Она не улыбнулась. Но в этом отсутствии улыбки не было ни холодности, ни пренебрежения — только та спокойная, бесстрастная учтивость, какой встречают малознакомых людей на официальных приёмах. Николай Пантелеевич, однако, не заметил разницы. Он услышал своё имя, произнесённое её голосом, — и этого было довольно, чтобы сердце его затрепетало, а мысли пришли в полное расстройство.
— Чайку? — предложил он, отчаянно краснея. — Или, может, лимонаду? У нас отличный лимонад, из Петербурга…
— Благодарю, позже, — ответила Машенька и, лёгким кивком отпустив его, отошла к окну.

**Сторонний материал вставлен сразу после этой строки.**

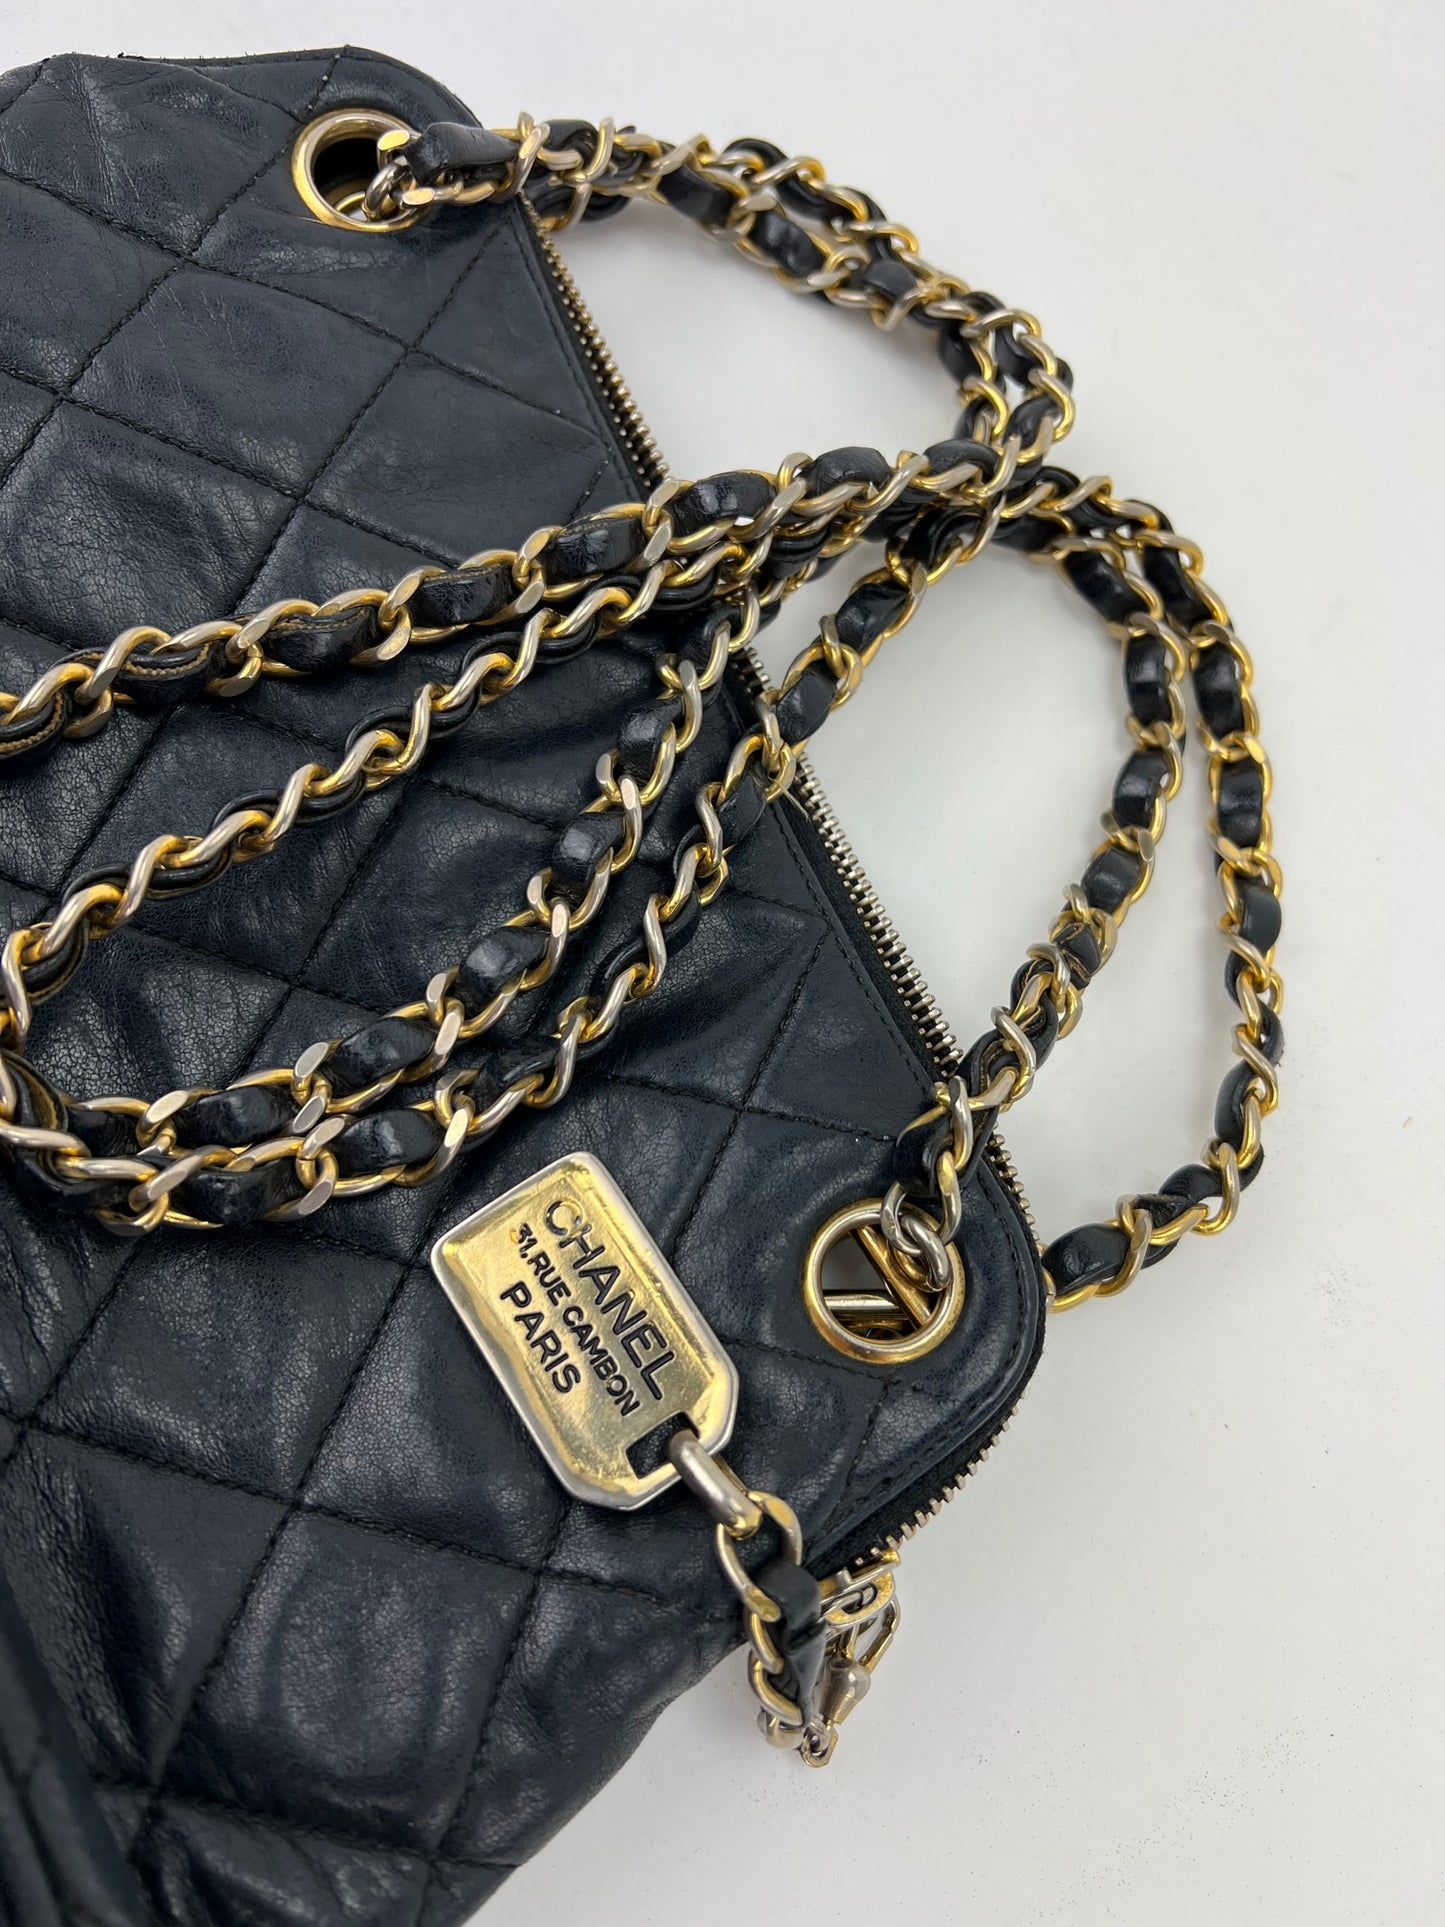 CHANEL Cambon Vintage Charms Bracelet - certified pre-owned luxury

Николай Пантелеевич остался стоять посреди залы, сжимая в руках злополучный платок и глядя вслед удаляющейся фигуре в небесном платье. Он чувствовал, что разговор не удался, что он сказал не то и не так, что она, наверное, сочла его глупым и смешным. Но как сказать правильно — он не знал. Он вообще ничего не знал о женщинах, кроме того, что они бывают красивые и некрасивые, богатые и бедные, и что отец велит ему жениться на красивой и богатой. А как с этой красивой и богатой разговаривать, чем заинтересовать, как заслужить её улыбку — об этом отец не говорил, и сам Николай Пантелеевич не имел ни малейшего понятия.

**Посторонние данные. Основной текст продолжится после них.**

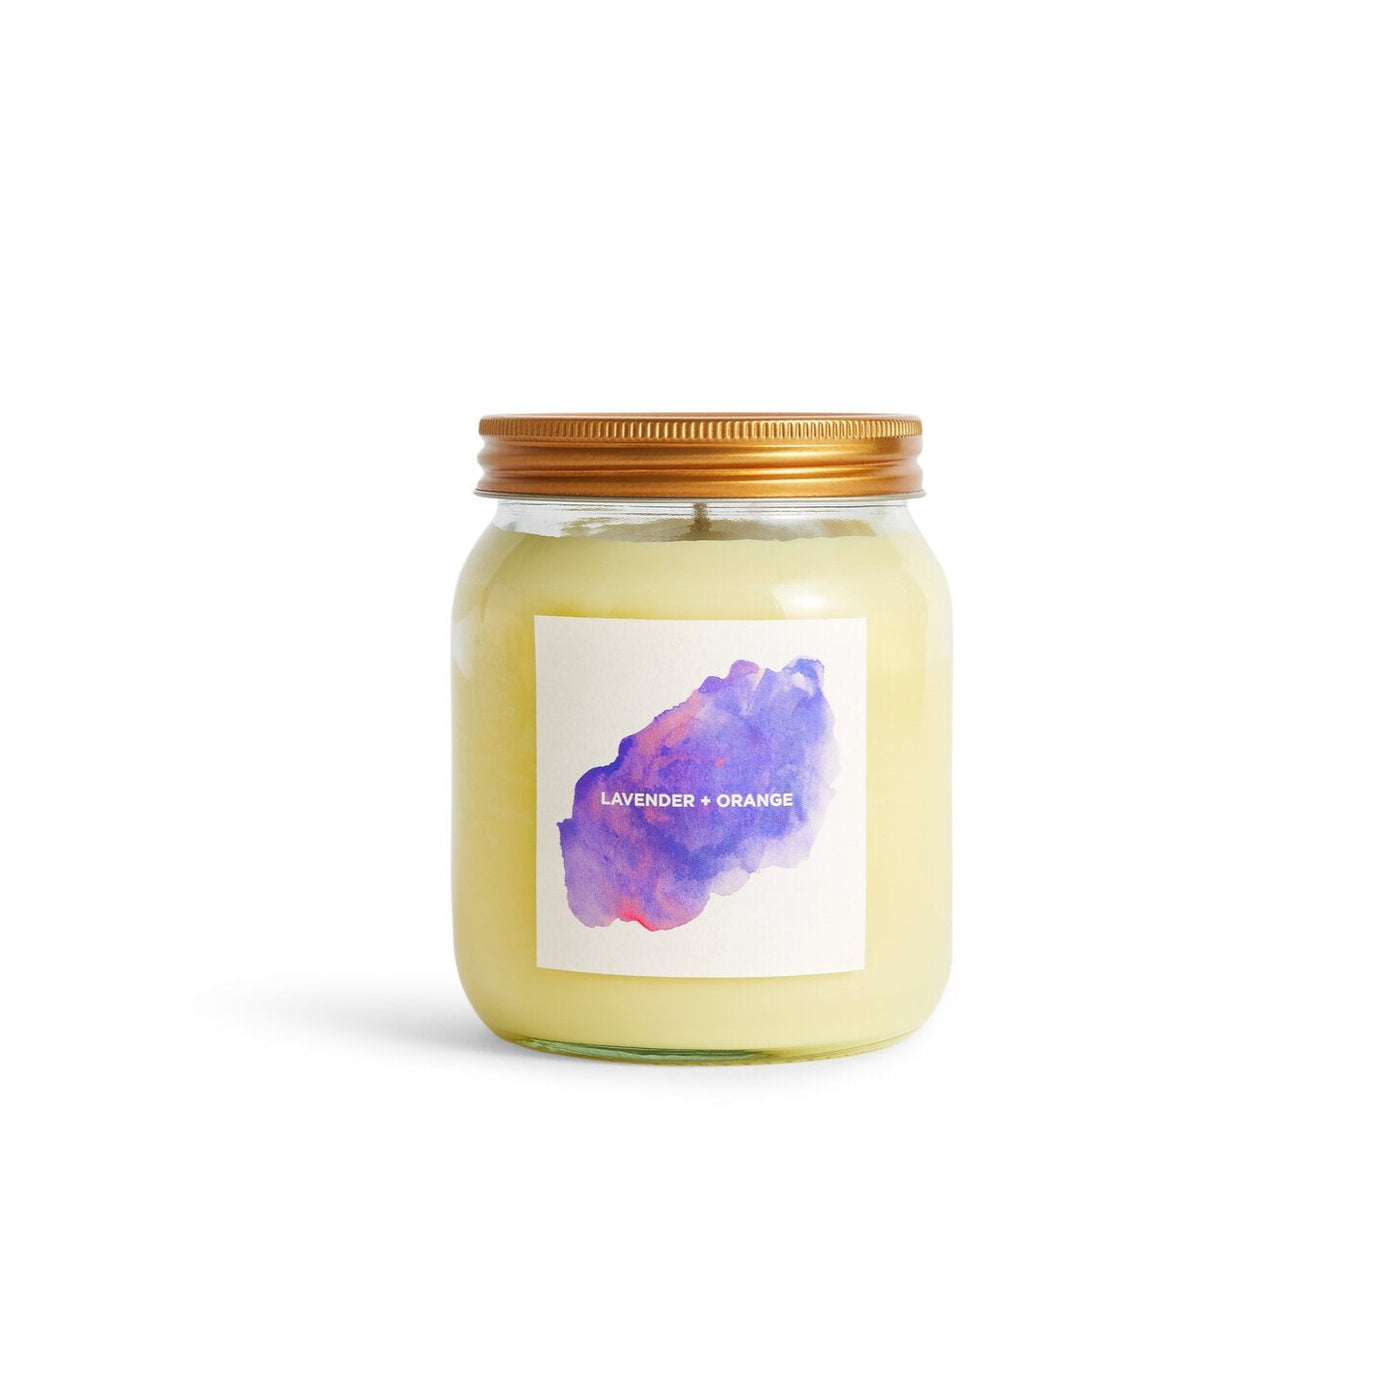 Self Care Co. Lavender & Orange Soy Aromatherapy Candle

Он вздохнул, сунул платок в карман и поплёлся к буфету — хватиться с горя рябиновой.
Анна Марковна между тем не теряла времени даром.

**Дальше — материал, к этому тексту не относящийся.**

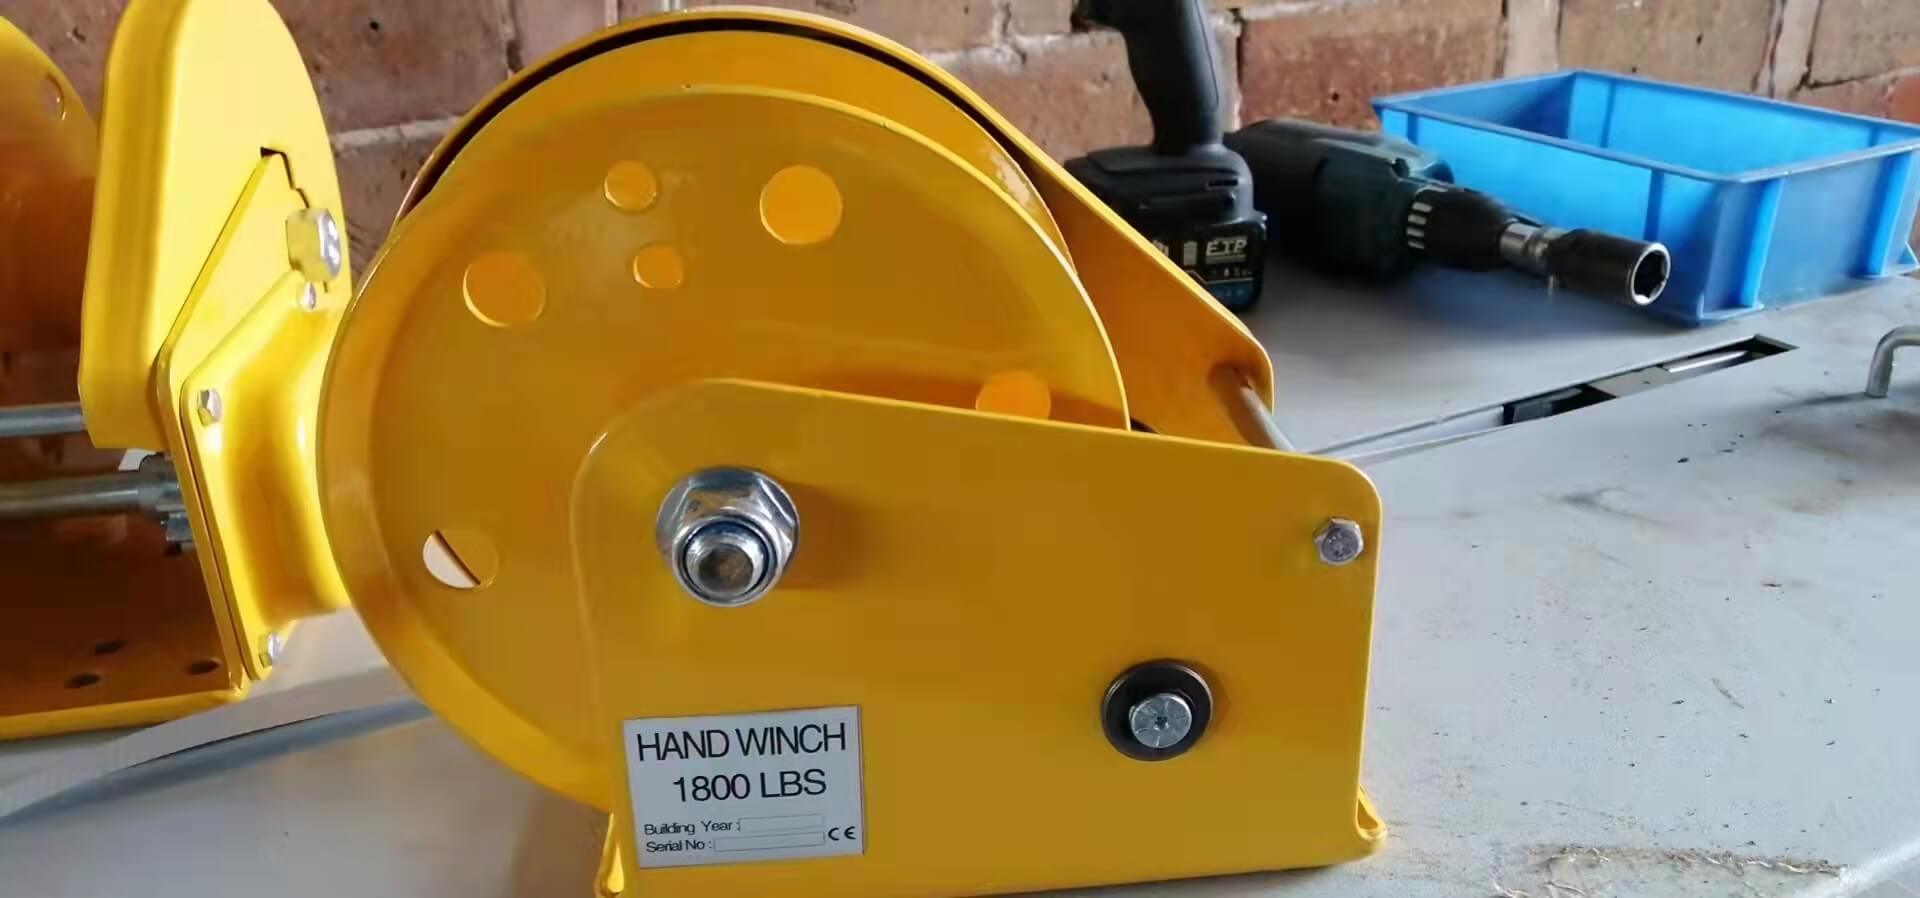 Site photos of Manual Winch 1200LBS with SELF LOCK + Manual Winch 1800LBS with SELF LOCK made in china-3.jpg

Она ловко лавировала среди гостей, обмениваясь любезностями с купчихами, рассыпаясь в комплиментах перед вице-губернаторшей и исподволь, но необычайно искусно наводила разговор на главную тему: о дочери, о её красоте, воспитании, приданом и — о, сущая безделица! — о том, какие прекрасные пары иногда составляются из дворянского и купеческого сословий. Купчихи понимающе кивали, поглядывали в сторону Машеньки и прикидывали: не прицениться ли самим, пока Расторгуевы не заглотали лучший кусок?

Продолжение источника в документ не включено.